In essence, the point is that contemporary feminism has over the time tended to absorb the perspective of the middle class from which it is largely drawn. There are still some radicals within the feminist movement in the US believing in an egalitarian society (in fact, some of them, in their fight against man-dominated world, go to the perverse extent of living and behaving like men), but they are in a distinct minority.
On the other hand, a majority of the feminists have been affected by a broader trend. In a period of sharpening economic and social divisions, characterised by corporate demand for greater and greater profits and the canonising of greed, a whole generation has been seized by the desire to rise to the top. Feminists, in other words, are becoming careerists. Their senses of “community engagement” have weakened in the process. In fact, what has happened in the United States is not limited to that country alone. Women in many countries have broken what is called the “Glass Ceiling”. As Eleanor Roosevelt says, “No one can make you inferior without your permission”. And this explains why there have been many global heads of state and many CEOs Fortune 500 companies.

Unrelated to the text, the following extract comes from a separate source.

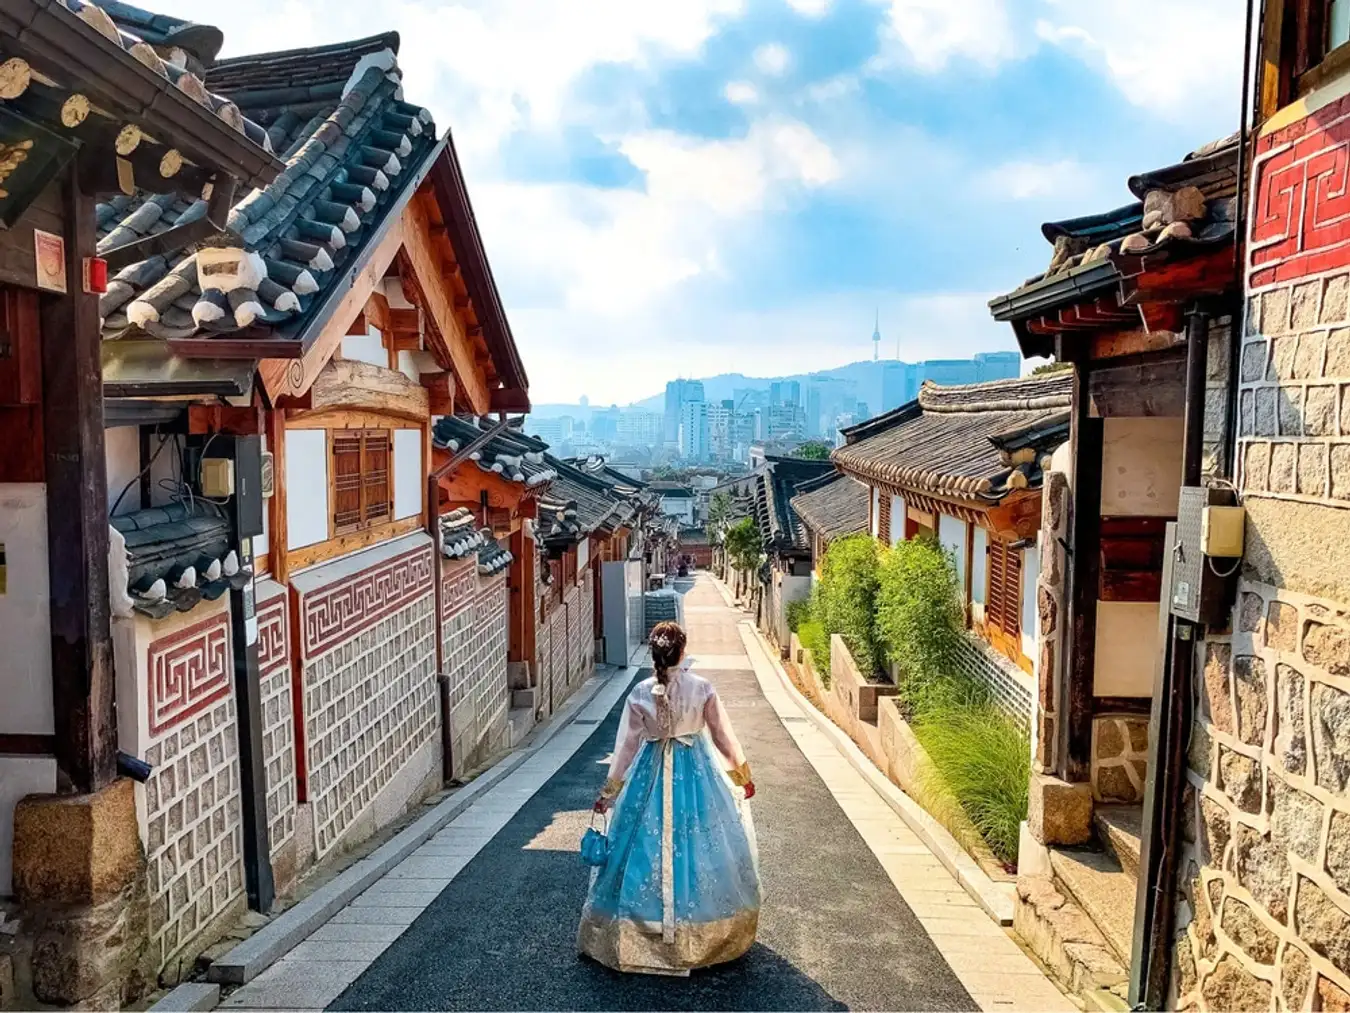 Làng cổ Hanok Bukchon: là nơi tập trung hàng trăm ngôi nhà hanok truyền thống của Hàn Quốc, được xây dựng từ triều đại Joseon.

Incidentally, today the most vocal women organisations are those affiliated to political parties and certain ideologies. Czech feminist Jana Hardilikova’s comment that “feminism smells like an ideology” is really apt for India, too. As a result, more than empowering women, our feminists are essentially engaged in empowering their careers and causes. And, as most of them declare themselves to be either liberals or left-wingers, their feminism, in the process, has devolved into a toxic political correctness and become an ideology rooted in partisanship. As a result, anybody who disagrees with their agenda or seen to be deviating from it is discredited as anti-woman.
All this is not to suggest that MeToo has to be suppressed or opposed. Nobody can deny that sexism in society is a serious problem in India. Despite its drawbacks and limitations, MeToo has made many urban working women “more comfortable speaking out and challenging” abusers than in the past. And that is not a mean achievement. It is also undeniable that the housecleaning of sexual bullies is long overdue.
But all this should not detract us from the need to have faith in a legal system if there is already one or create a legal system if there is none that allows even the “guilty” to defend himself. We must protect the innocent from unfair accusations while protecting the less innocent from stale or unfair charges. In other words, we must display restraint in character- assassinations, even though in the process such restraint risks shielding some harassers. This restraint is vital in preserving the credibility of an important movement that has more bad apples to expose and many more despicable habits to reform.